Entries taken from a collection
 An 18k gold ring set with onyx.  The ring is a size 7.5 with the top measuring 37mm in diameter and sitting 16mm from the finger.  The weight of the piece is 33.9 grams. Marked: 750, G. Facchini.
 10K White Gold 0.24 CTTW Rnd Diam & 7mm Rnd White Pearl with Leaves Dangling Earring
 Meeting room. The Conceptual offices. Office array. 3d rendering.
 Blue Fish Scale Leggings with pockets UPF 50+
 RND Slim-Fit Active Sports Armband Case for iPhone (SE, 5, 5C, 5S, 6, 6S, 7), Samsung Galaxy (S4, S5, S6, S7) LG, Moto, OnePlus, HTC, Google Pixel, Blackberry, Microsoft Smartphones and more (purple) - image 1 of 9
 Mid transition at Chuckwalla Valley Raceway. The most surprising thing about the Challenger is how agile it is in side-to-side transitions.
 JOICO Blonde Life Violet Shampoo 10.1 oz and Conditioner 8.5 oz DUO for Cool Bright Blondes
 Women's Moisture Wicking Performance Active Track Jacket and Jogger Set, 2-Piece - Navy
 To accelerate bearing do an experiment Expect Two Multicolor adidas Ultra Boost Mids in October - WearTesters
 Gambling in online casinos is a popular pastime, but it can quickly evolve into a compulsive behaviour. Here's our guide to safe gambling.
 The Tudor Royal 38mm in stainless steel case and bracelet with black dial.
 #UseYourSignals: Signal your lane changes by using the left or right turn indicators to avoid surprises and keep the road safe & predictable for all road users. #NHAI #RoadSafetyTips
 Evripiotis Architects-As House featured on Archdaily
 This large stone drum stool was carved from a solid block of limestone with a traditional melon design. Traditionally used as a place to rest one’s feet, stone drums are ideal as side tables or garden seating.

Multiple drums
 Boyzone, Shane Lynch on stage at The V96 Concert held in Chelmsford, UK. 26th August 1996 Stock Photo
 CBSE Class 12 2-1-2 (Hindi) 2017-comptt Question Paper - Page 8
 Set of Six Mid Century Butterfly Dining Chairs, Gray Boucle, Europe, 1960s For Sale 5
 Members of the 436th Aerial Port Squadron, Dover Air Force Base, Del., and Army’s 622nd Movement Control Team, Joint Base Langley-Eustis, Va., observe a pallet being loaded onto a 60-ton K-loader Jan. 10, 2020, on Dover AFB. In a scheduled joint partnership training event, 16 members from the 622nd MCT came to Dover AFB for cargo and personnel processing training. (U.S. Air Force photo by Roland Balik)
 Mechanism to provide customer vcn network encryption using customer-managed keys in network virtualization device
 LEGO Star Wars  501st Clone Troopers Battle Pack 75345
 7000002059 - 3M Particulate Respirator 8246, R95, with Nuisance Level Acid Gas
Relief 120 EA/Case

WHAT THE TASK ASKS
Only the lines from the one containing "The Tudor Royal" through the last line of the records should appear, each written out exactly.

TASK RESPONSE
 The Tudor Royal 38mm in stainless steel case and bracelet with black dial.
 #UseYourSignals: Signal your lane changes by using the left or right turn indicators to avoid surprises and keep the road safe & predictable for all road users. #NHAI #RoadSafetyTips
 Evripiotis Architects-As House featured on Archdaily
 This large stone drum stool was carved from a solid block of limestone with a traditional melon design. Traditionally used as a place to rest one’s feet, stone drums are ideal as side tables or garden seating.

Multiple drums
 Boyzone, Shane Lynch on stage at The V96 Concert held in Chelmsford, UK. 26th August 1996 Stock Photo
 CBSE Class 12 2-1-2 (Hindi) 2017-comptt Question Paper - Page 8
 Set of Six Mid Century Butterfly Dining Chairs, Gray Boucle, Europe, 1960s For Sale 5
 Members of the 436th Aerial Port Squadron, Dover Air Force Base, Del., and Army’s 622nd Movement Control Team, Joint Base Langley-Eustis, Va., observe a pallet being loaded onto a 60-ton K-loader Jan. 10, 2020, on Dover AFB. In a scheduled joint partnership training event, 16 members from the 622nd MCT came to Dover AFB for cargo and personnel processing training. (U.S. Air Force photo by Roland Balik)
 Mechanism to provide customer vcn network encryption using customer-managed keys in network virtualization device
 LEGO Star Wars  501st Clone Troopers Battle Pack 75345
 7000002059 - 3M Particulate Respirator 8246, R95, with Nuisance Level Acid Gas
Relief 120 EA/Case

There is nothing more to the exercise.